È il nuovo clamoroso scandalo del pianeta carceri, consumato all’ombra dell’Etna, a venti chilometri da Catania, nello stesso carcere dove con un cappio alle sbarre quattro anni fa si impiccò un detenuto di 37 anni.
«Ma era stata da mesi la stessa amministrazione penitenziaria a sollecitare in questo caso l’incompatibilità fra malattia e detenzione», precisa il direttore generale del Dap, Roberto Piscitello, magistrato di lungo corso contro la mafia, a capo della gestione detenuti e dei provvedimenti sul carcere duro, il «41 bis». Sfronda così il campo da ogni responsabilità della sua amministrazione. Anche se l’inchiesta aperta dalla Procura di Catania dovrà accertare alcuni problemi legati al ventilatore meccanico che potrebbe essere andato in tilt.
«Esclusa la presenza in cella di una bombola di ossigeno», ripetono a Piscitello i funzionari del Dipartimento fra Catania e Palermo. Pur senza smentire le bordate del segretario generale del Sindacato autonomo polizia penitenziaria Donato Capece sulla scarsità di vigilanza: «Nel reparto custodia attenuata dove il detenuto si trovava, un solo agente controlla stabilmente da 80 a 90 reclusi».

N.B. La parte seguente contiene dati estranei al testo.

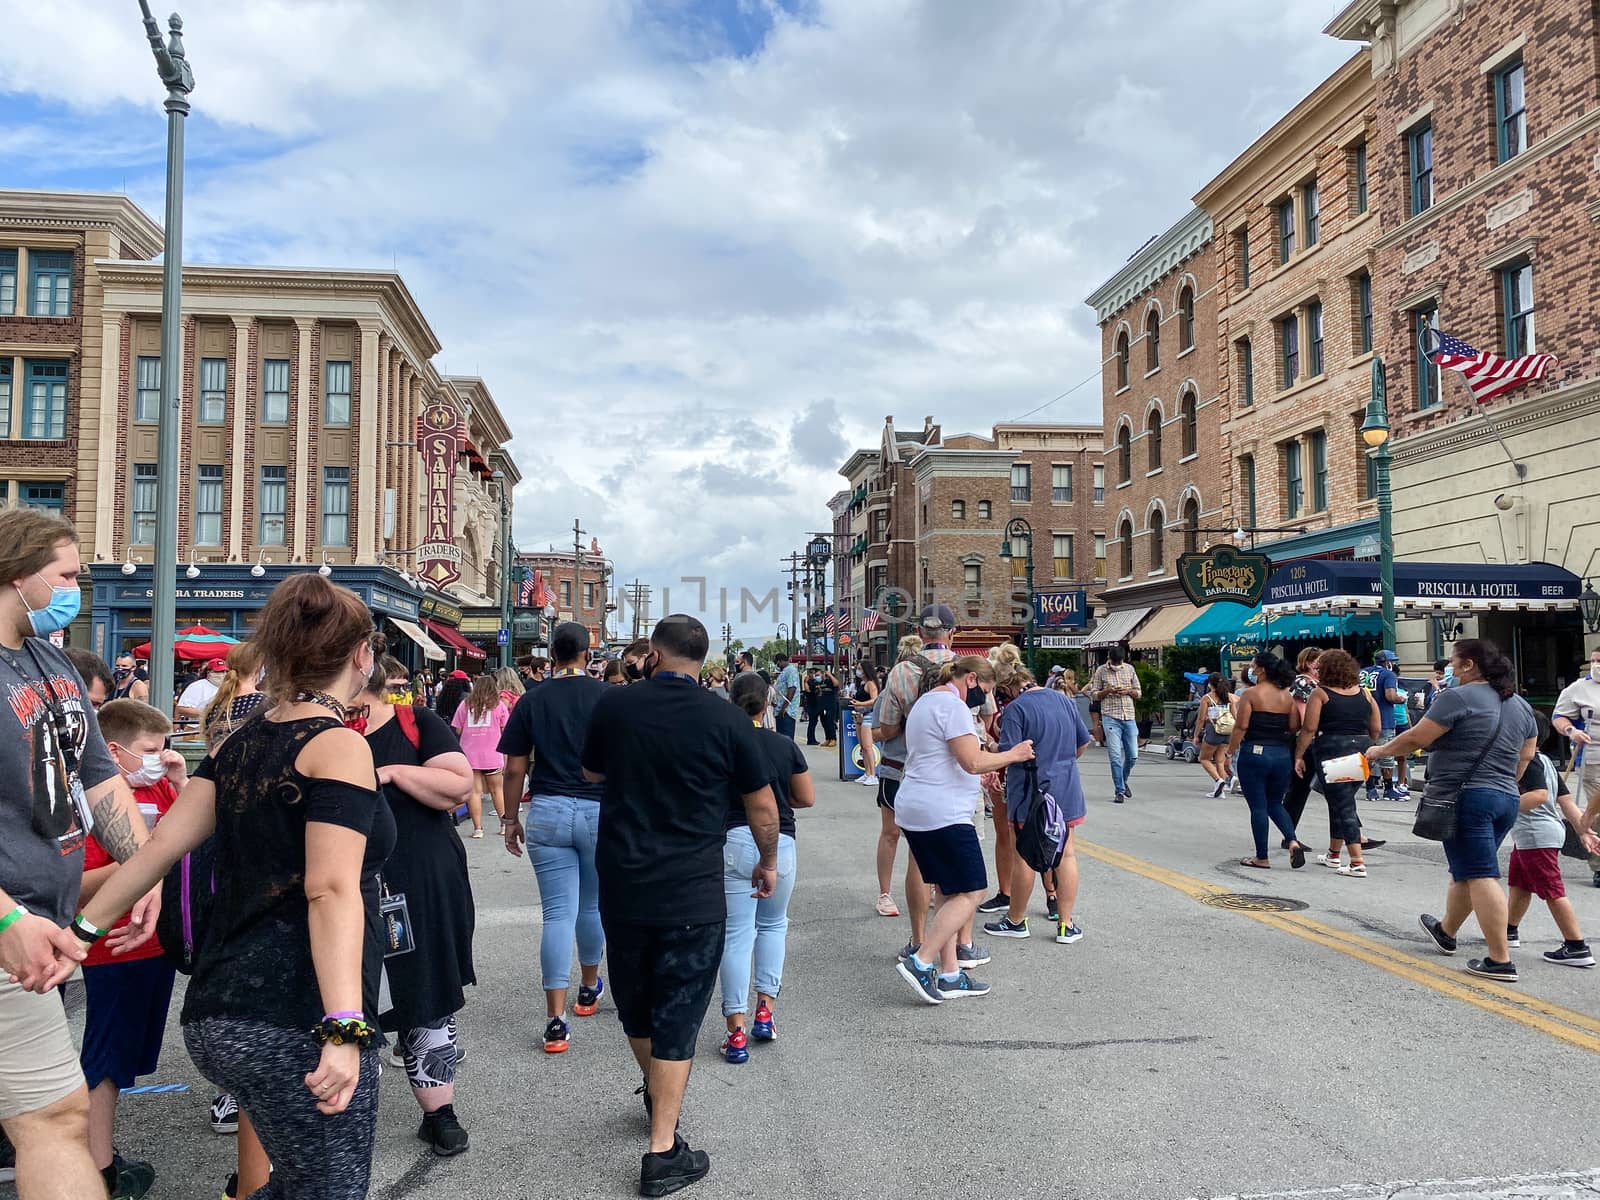 Orlando,FL/USA- 10/18/20: People walking around the busy Universal Studios  in Orlando, Florida while wearing face masks and social distancing.

Il destino ha voluto che la tragedia maturasse ad un soffio dalla possibile liberazione per motivi di salute, anche se il «fine pena» per i furti commessi restava fissato al 2019. Ma al Garibaldi il direttore del Dipartimento Emergenza Sergio Pintaudi non azzarda ipotesi definitive: «Potremmo solo dire che la detenzione può essere stata una concausa del decesso». Insiste invece Capece sull’indifferenza della macchina burocratica e giudiziaria: «Questa morte, ancorché dovuta a cause naturali, deve fare riflettere sulla drammaticità delle attuali condizioni penitenziarie. Qui pagano ormai persone disagiate, poveracci, prigionieri che probabilmente mai godranno di interessamenti istituzionali autorevoli per le loro condizioni di vita in cella…».
L’avvocato di Nicola D. ci ha provato e riprovato a convincere i magistrati ad accelerare la pratica per ottenere i domiciliari o il trasferimento in ospedale. Una battaglia persa. Senza nemmeno potere usufruire della spinta dell’ufficio regionale del Garante per i diritti dei detenuti, chiuso in Sicilia l’anno scorso dopo astiose polemiche sulla gestione affidata a uno degli amici politici più vicini a Marcello Dell’Utri, l’ex senatore forzista Salvo Fleres. Adesso è lui a passare al contrattacco per l’inattività di un ufficio mai più riaperto dal governatore Rosario Crocetta.